Bald werde ich wieder sitzen.
Stundenlang, mit Headset am Kopf. Wenn ich aufstehe und aufs Klo
gehe, wird der Aufseher schauen. Letztens hat auch er ein gelbes
T-Shirt getragen.
Ah, ich höre, der Kopf trifft einen
Gockel! „Guten Tag, Gockel!“ ruft der Kopf. „Was läufst du so
schnell?“, fragte der Gockel. „Bleib stehen, damit ich einen
großen Happen picken kann!“ „Keine Zeit!“, schreit der Kopf
und rollt – kantapper, kantapper – weiter. „Ich bin schon dem
Peter Rumpf, dem Bären, dem Wolf und dem Wildschwein davon gerollt.

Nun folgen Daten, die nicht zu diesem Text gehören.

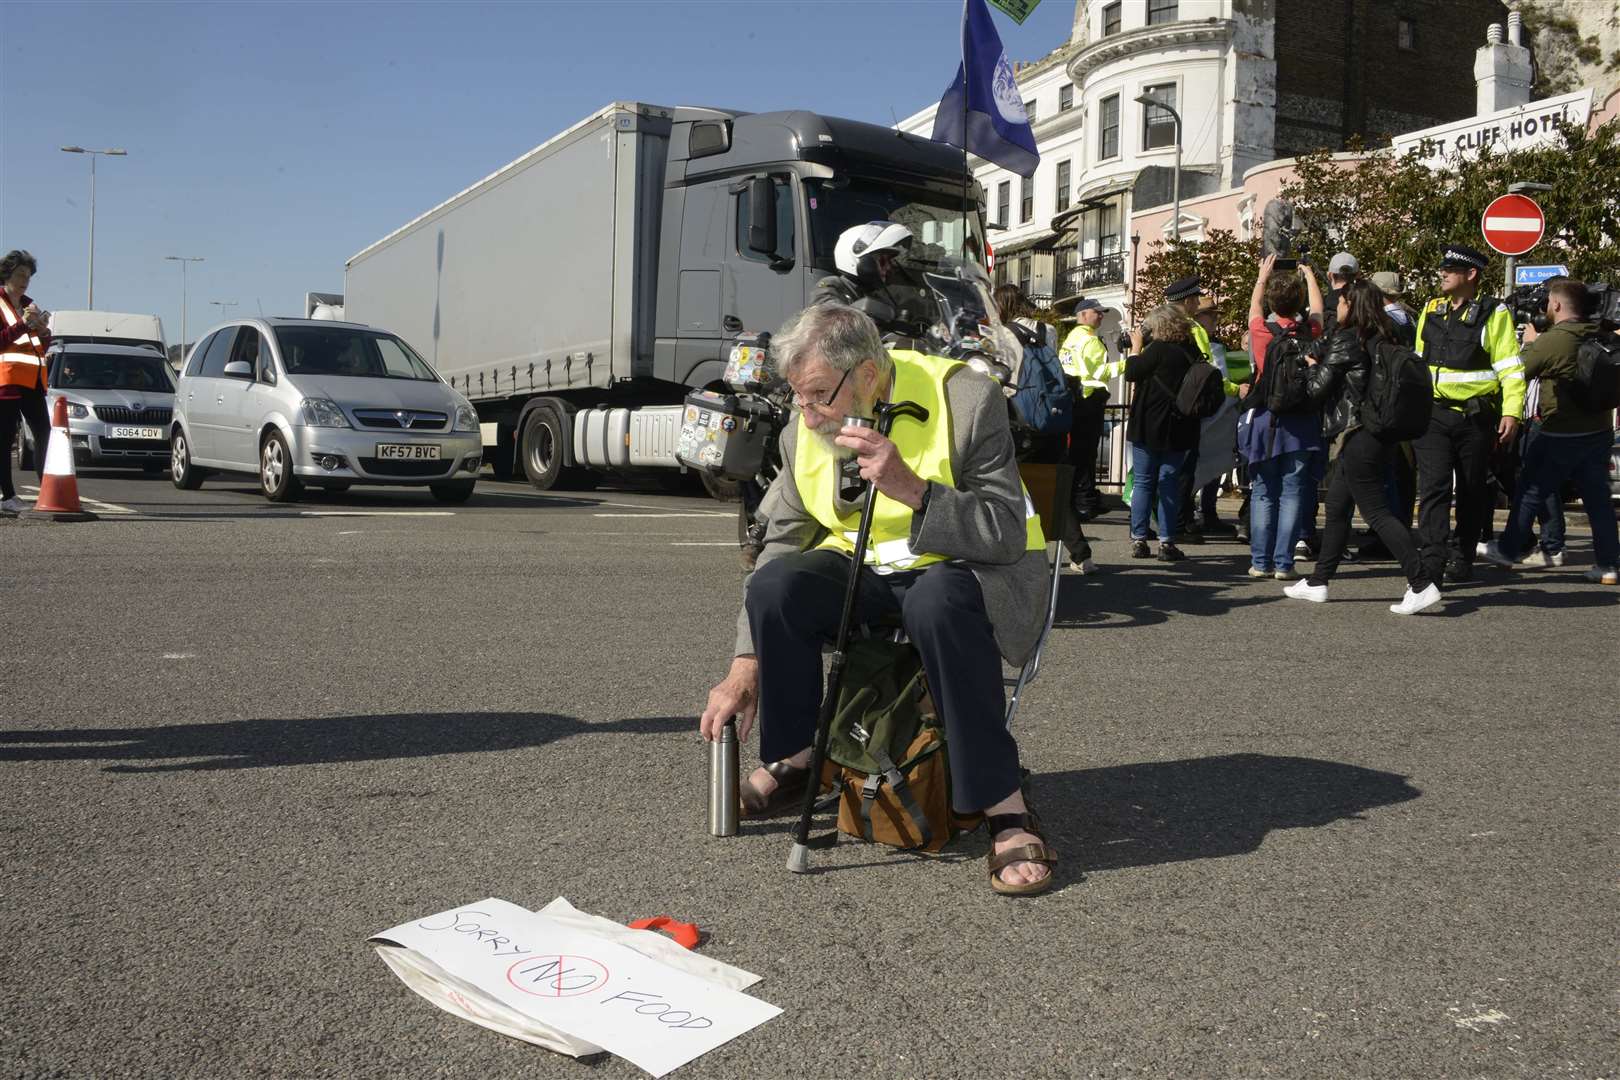 Dover Townwall street to Dover docks Extinction Rebellion protest.91 year old John Lymes sits down on the entrance to the port and sips his tea, blocking the road.Picture: Paul Amos. (17136702)

Du hast mich auch nicht gekriegt!“
Zwischen der Bank, auf der ich sitze,
und der gelben Macht führt der Fußweg ins Nirgendwo vorbei, auch
ich bin diesen Weg hergekommen. Jetzt sitze ich unter der lieben
Birke. Sie breitet ihre vielen Arme über mich und muß sich dabei
anstrengen, immer wieder fallen ihre Arme zurück nach rechts. Aber
der Wind hilft ihr. Liebevoll steckt sie ihre Zweige wieder und
wieder über mich. Danke!
Ich segne eine junge Frau im Minirock.
Aufs Segnen hatte ich ganz vergessen. Ich habe noch Zeit zum Sitzen
und Segnen.
Eine Arbeitskollegin kommt vorbei. Wir
plaudern ein bißchen. Sie geht dann weiter und ich segne ihr
hinterher.
Den kenn ich auch! Den kenn ich!
Flüchtig, vor Jahrzehnten. Aus Selzthal. Er ist alt geworden.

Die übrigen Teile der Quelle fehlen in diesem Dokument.